From the viewpoint of preservation and stability of vitamin A, (A) and (B) represented by [(A) vitamin A unit / 100 mL] / [(B) polyoxyethylene polyoxypropylene diol g / 100 mL] The ratio of ingredients is 10,000 to 150,000, preferably 15,000 to 100,000, and more preferably 25,000 to 50,000.

(C)trometamol

In the ophthalmic composition of the present invention, it is preferred to add trometamol by enhancing the preservation stability of vitamin A. The effect of enhancing the preservation stability of vitamin A in trometamol is a novel discovery of the present invention. This sequence is not clear and can be inferred from the following. The polyoxyethylene polyoxypropylene diol is a nonionic surfactant having a polyoxyethylene (EO) chain and a polyoxypropylene (PO) chain. The EO chain is the outer side and the PO chain is the inner side, and the vitamin A is encapsulated to form a colloidal particle. After coexistence with trometamol, the -NH ₂ group present in trometamol is directly bonded to the ether bond of the EO chain, so that the structure of the colloidal particles is extremely strong. Trometamol further reduces the degree of freedom by bonding the EO chain to the outer side of the colloidal particles, thereby reducing the molecular mobility of the PO chain inside the colloidal particles. From the above, it can be confirmed that trometamol can impart stability to the colloidal particles formed by vitamin A and polyoxyethylene polyoxypropylene diol, and as a result, the preservation stability of vitamin A is also imparted.

(C) The content of trometamol is preferably 0.01 to 5 W/V% for the total amount of the ophthalmic composition, preferably 0.05 to 5 W/V%, and more preferably 0.1 to 3 W/V%, which is particularly desirable. The value is 0.5~2W/V%. When it is less than 0.01 W/V%, it is feared that the preservation effect of vitamin A is insufficient, and if it exceeds 5 W/V%, it may cause irritation to the eyes. Moreover, from the viewpoint of preservation and stability of vitamin A, (B): (C) represents a mass ratio of (B) component to (C) component of 1:30 to 30; one is preferred, preferably 1:20~20:1, the better is 1:10~10:1, and the best is 1:10~3:1.

(D) Antioxidants

In the ophthalmic composition of the present invention, it is preferred to add an antioxidant to enhance the preservation stability of vitamin A. As antioxidants, such as: d-α-tocopherol, d-β-tocopherol, d-γ-tocopherol, d-δ-tocopherol, dl-α-tocopherol, d-α-tocopherol acetate, Vitamin E, dibutyl acetate, dl-β-tocopherol acetate, dl-β-tocopherol acetate, dl-γ-tocopherol acetate, dl-δ-tocopherol acetate, nicotinic acid dl-α-tocopherol Examples of water-soluble antioxidants such as hydroxytoluene and butyl hydroxyanisole, vitamin C, hydrogen roller, cysteine, glutathione, etc., among which are fat-soluble antioxidants such as vitamin E. More preferably, it is preferably d-α-tocopherol acetate or dibutylhydroxytoluene, and the most preferred one is acetic acid d-α-tocopherol. Also, vitamin E and dibutylhydroxytoluene may be used in combination.

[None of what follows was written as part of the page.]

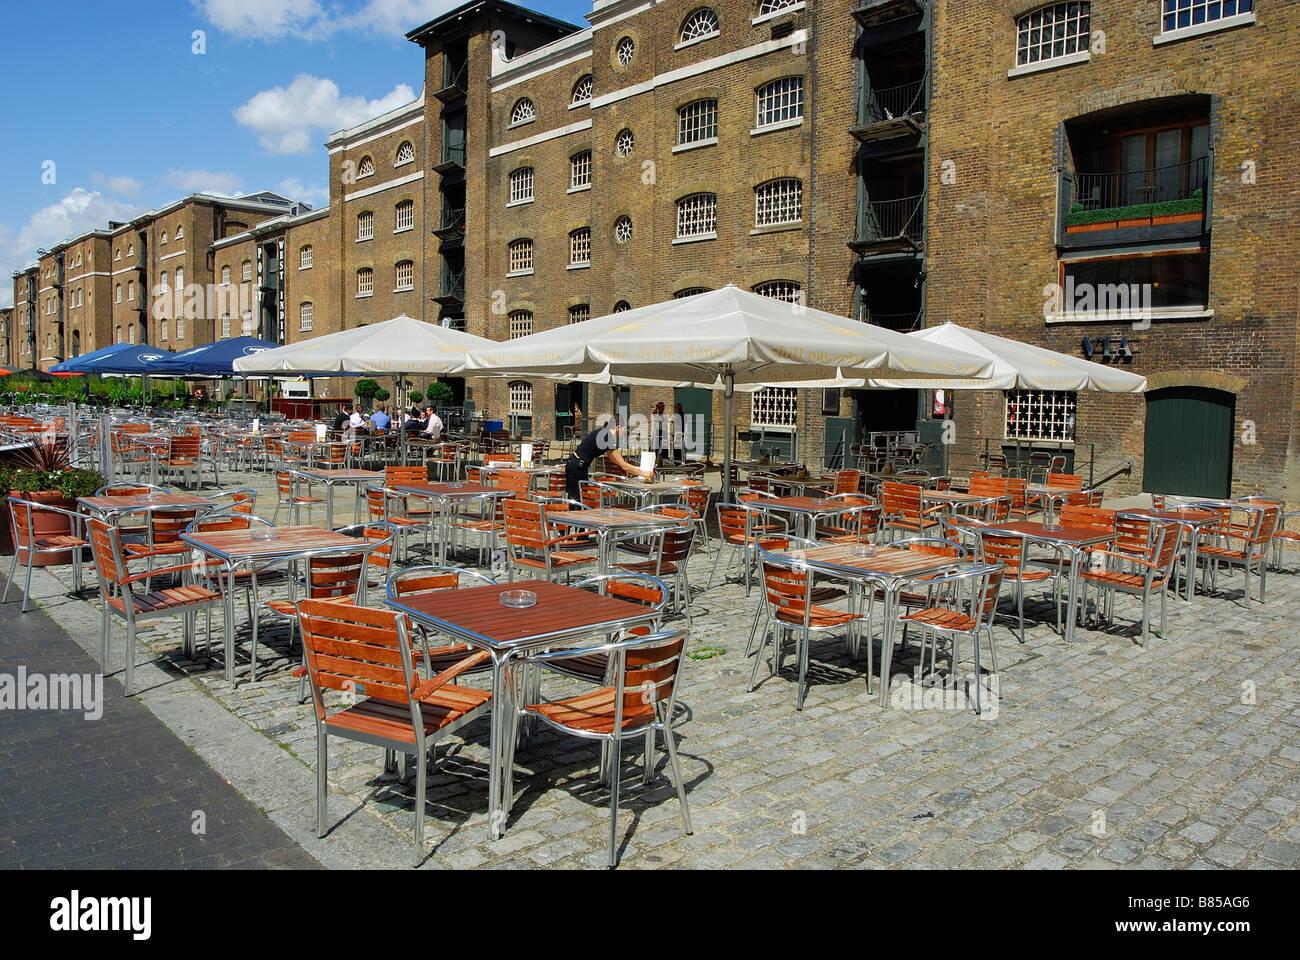 West India Quay Docklands London UK - Stock Image

The antioxidant may be used singly or in combination of two or more kinds, and the content thereof is preferably 0.005 to 5 W/V% for the total amount of the ophthalmic composition. In this range, the vitamin A can be further improved. The storage stability is preferably 0.005~1W/V%, and more preferably 0.005~0.2W/V%.

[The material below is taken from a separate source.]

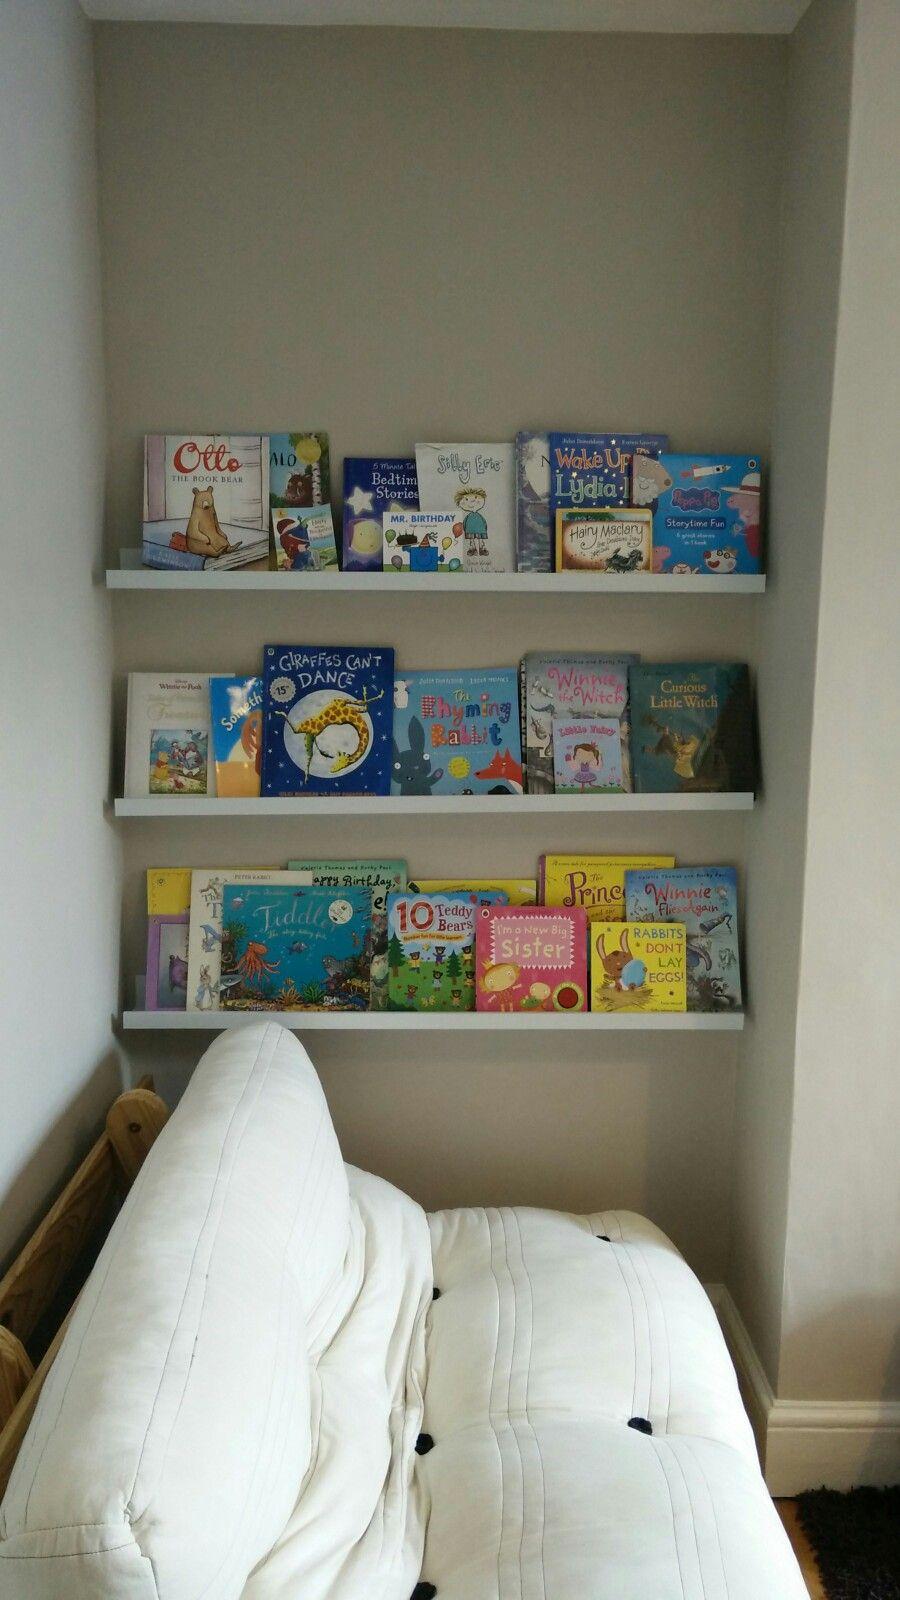 Ikea Mosslanda Picture Ledges For Books Floating Shelves Boy S

In the ophthalmic composition of the present invention, various components added to the ophthalmic composition can be blended in addition to the above components without departing from the effects of the present invention. As such components, such as: polyol, surfactants other than (B) components, buffers, thickeners, sugars, pH adjusters, preservatives, isotonic agents, stabilizers, cooling agents, drugs , water and other examples. These may be used singly or in combination of two or more kinds as appropriate, and may be blended in an appropriate amount.

Examples of the polyvalent alcohol include glycerin, propylene glycol, butylene glycol, and polyethylene glycol. The content of the polyvalent alcohol is preferably 0.01 to 5 W/V% for the total amount of the ophthalmic composition, and more preferably 0.05 to 3 W/V%.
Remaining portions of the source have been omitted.